— Жизнь с томительной жаждой радости, счастья и с тяжелой необходимостью подчиняться чужому настроению.
Настроение отца ужасно… Он был бы готов похоронить себя в одной могиле с женой: он решил похоронить всю семью в старом деревенском доме. О переезде в город он не хочет и думать. Они будут жить здесь всю зиму, весь год… Они будут ходить на могилу, служить панихиды. Отец будет просиживать целыми днями в своем кабинете, Тата будет капризничать и в конце концов непременно выживет из дома Julie и поссорит Евгению с отцом. Что сделалось с этой девочкой со смерти матери? Ее трудно узнать — ее, всегда такую веселую и кроткую! Оттого ли так изменилась она, что отец не хочет и не может скрыть, до чего он любит ее. Он любил ее и раньше, но не так. Он был добр и ласков к ним обеим… почти равно. Евгения даже не замечала тогда его предпочтения к младшей сестре. Теперь он не может часа прожить без нее. Когда он не видит ее, он беспокоится, бегает, ищет: «Где Татка? Где Татка?» Вот все, что иногда целыми днями говорит он с окружающими. Если девочка почему-либо огорчена или не в духе, он сердится на других, он выходит из себя до того, что становится несправедливым и резким. Он не позволяет сделать ей ни малейшего замечания, он не допускает ни малейшей строгости. Говорит он только с ней. Они шепчутся, глядя друг другу близко в глаза. Ночью, в халате, со свечой в руках, он проходит по коридору и долго стоит над ее постелькой. Татка спит, а он глядит на нее, шепчет что-то и крестит ее маленькими, поспешными крестиками. А Татка почувствовала свою силу, и ей тоже никого не надо, кроме отца. Она отстранилась от сестры и возненавидела француженку. Она стала скрытна и упряма. Но что хуже всего: она стала неискренна, она научилась притворяться. Когда Julie или Евгения возмущаются при отце ее упорством, она не оправдывается, а глядит на отца своими большими серыми глазами и молчит. Когда Евгения сердится на нее и добивается, чтобы она объяснила ей свое поведение, она глядит на нее и молчит. И каждый раз в ее взгляде одно в то же выражение, как будто она заучила его, как заучивают опытные актрисы: этот взгляд выражает тоску и недоумение. Уже несколько раз Евгения не выдерживала и принималась серьезно говорить с сестрой.
— Зачем ты притворяешься? — возмущенно спрашивала она. — Ты отлично знаешь, что ты виновата, что ты была упряма, капризна.
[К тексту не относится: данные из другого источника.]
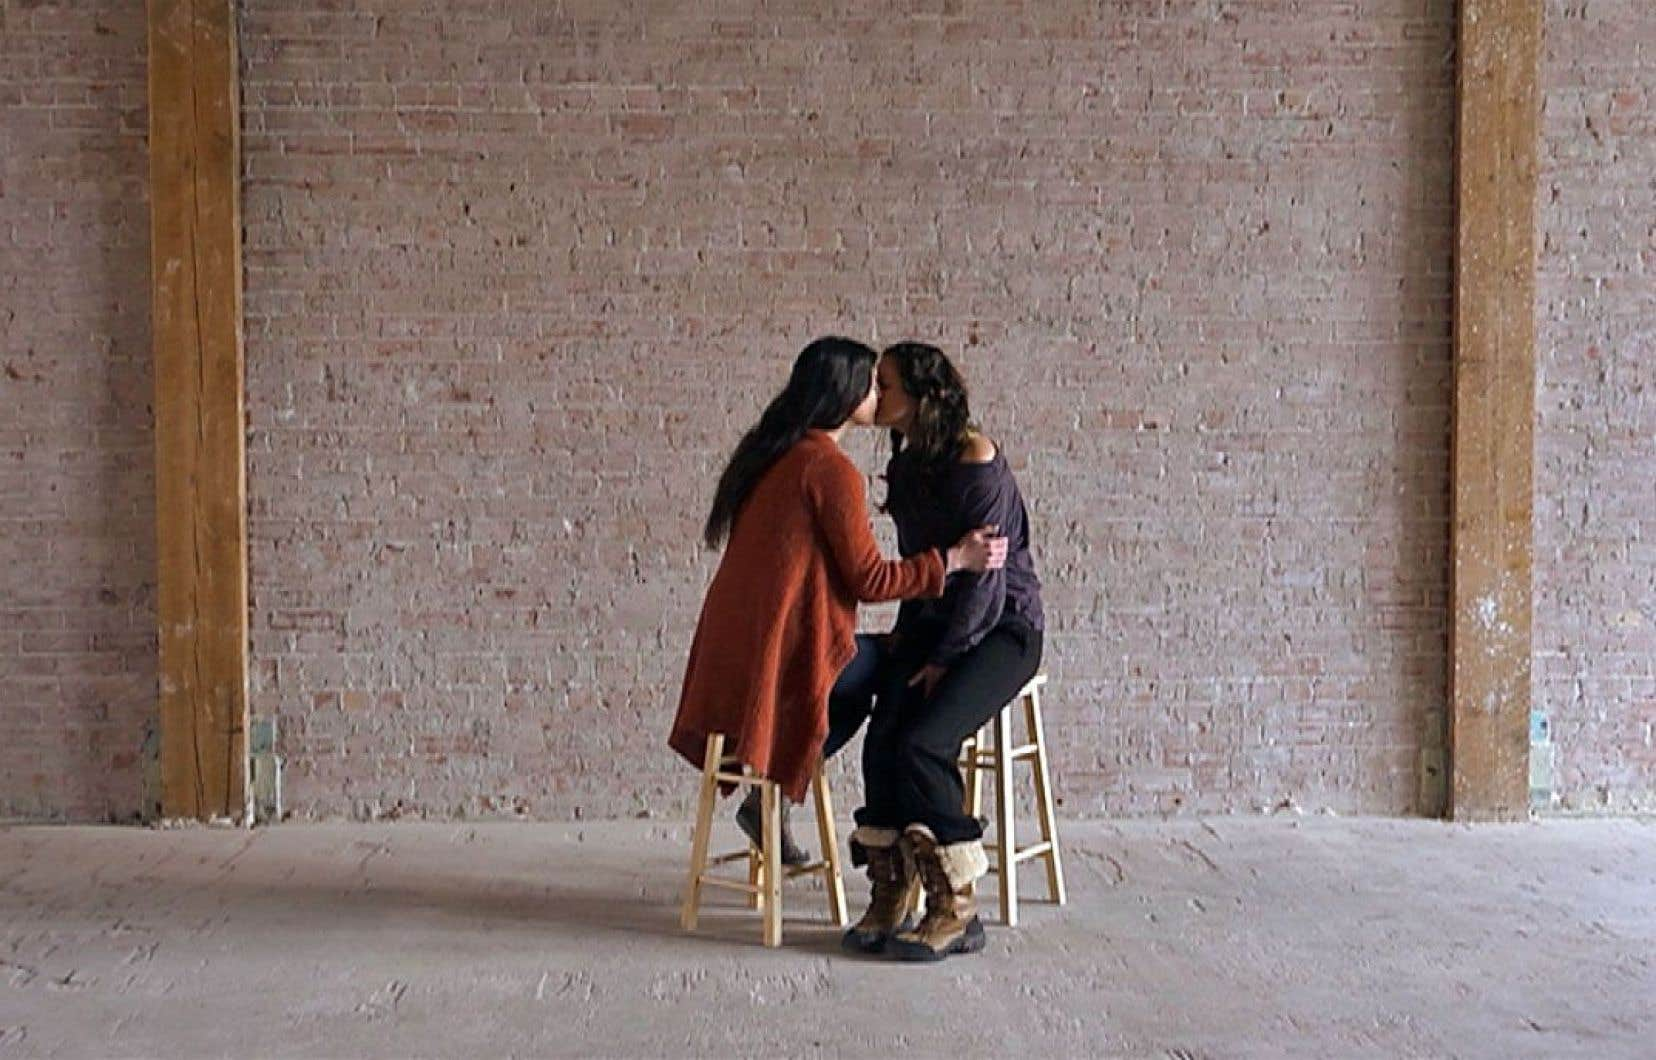 L'installation vidéo «La prière», de Josiane Roberge, est sans doute une des plus emblématiques de l'exposition.
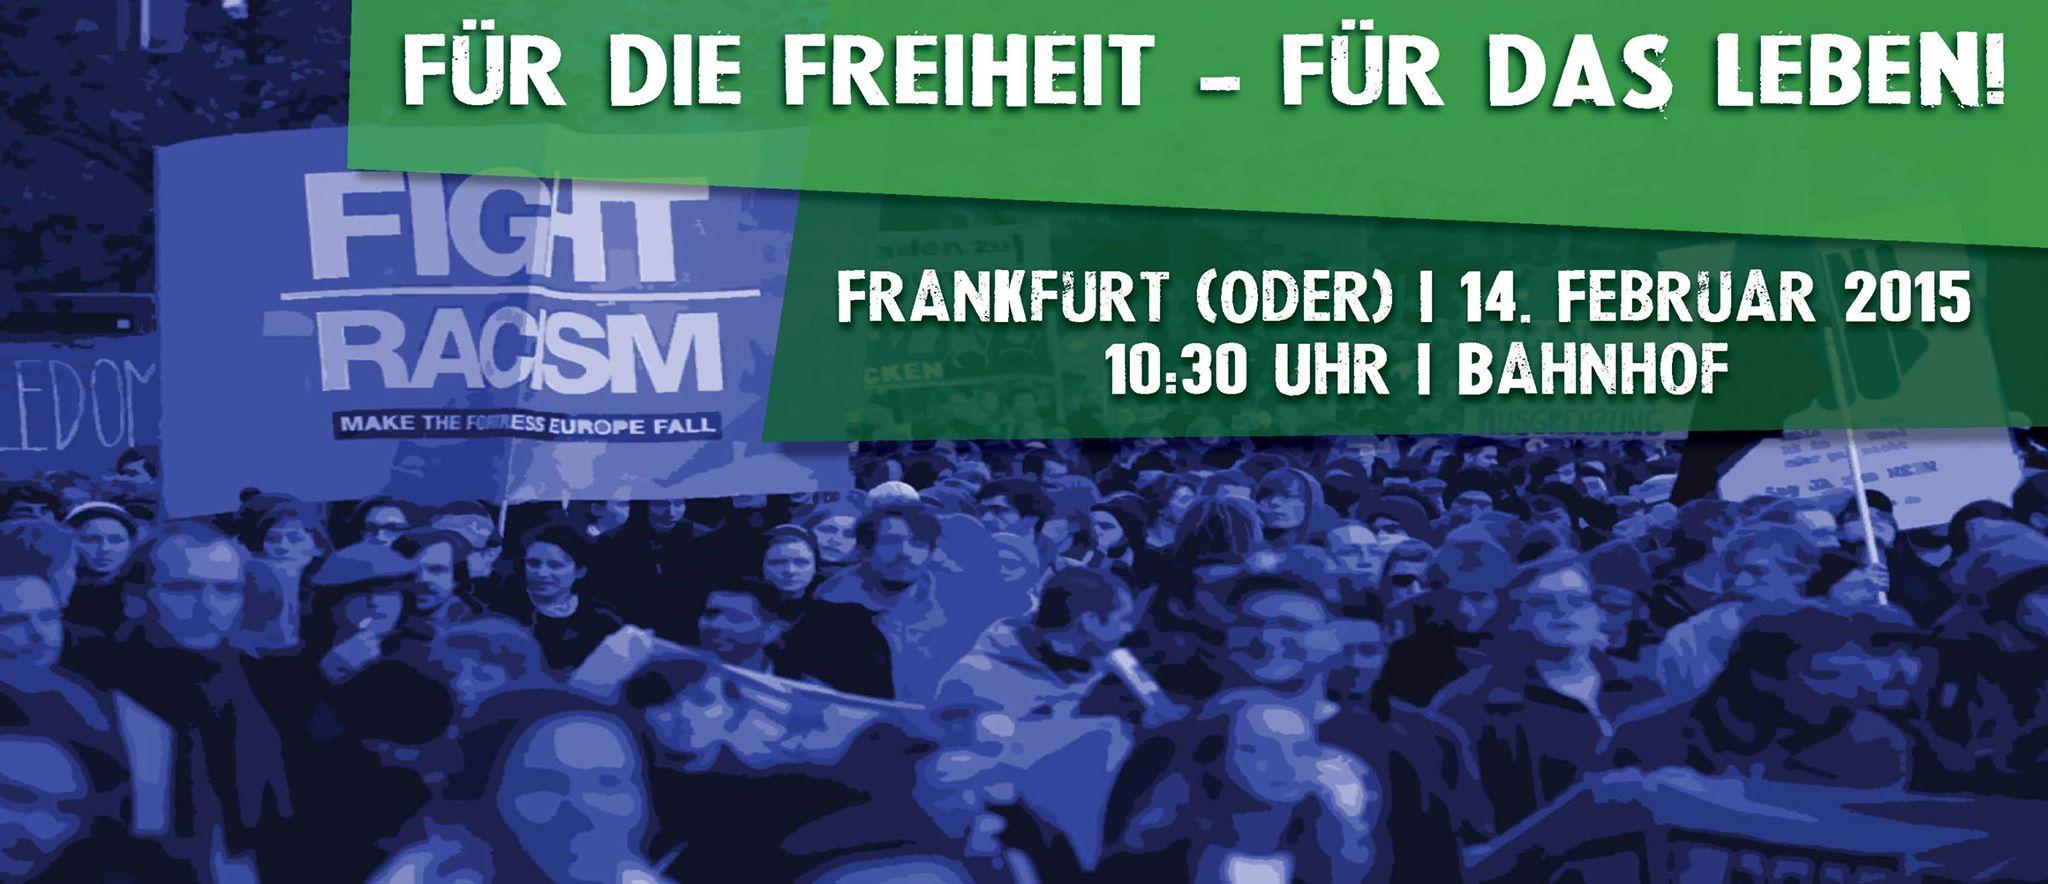 """Aufruf: Kein Platz für Rassismus in Frankfurt (Oder)! """"Für die Freiheit, für das Leben – Solidarität mit Flüchtlingen"""""""

Зачем ты делаешь вид, что тебя обидели, что к тебе несправедливы? Разве это хорошо?
Девочка молчала и глядела на сестру своим тоскливым, недоумевающим взглядом.
— Отчего ты не такая, какой была прежде, Тата? Ты была такая простая и милая. Ты никого не огорчала, никому не делала неприятностей. Теперь… ты прекрасно видишь, что папа на всех сердится из-за тебя: и на меня, и на Julie. Папа и без того болен и огорчен, и все мы огорчены и несчастны, а ты делаешь нас еще несчастнее. Ты была милая девочка, Тата; теперь ты… злая и нехорошая.
Девочка начинала громко плакать, а Евгения пугалась при одной мысли, что в эту минуту может войти отец. Из одного страха, без чувства сострадания или раскаяния, она принималась утешать сестру.
— Ну, не плачь! — принуждая себя казаться ласковой, говорила она и холодно целовала ее мокрые от слез щечки. — Ну, перестань! Не надо плакать, а надо стараться исправиться. И я верю, что ты исправишься… Да не плачь же! Или ты хочешь, чтобы папа услыхал и опять рассердился на меня?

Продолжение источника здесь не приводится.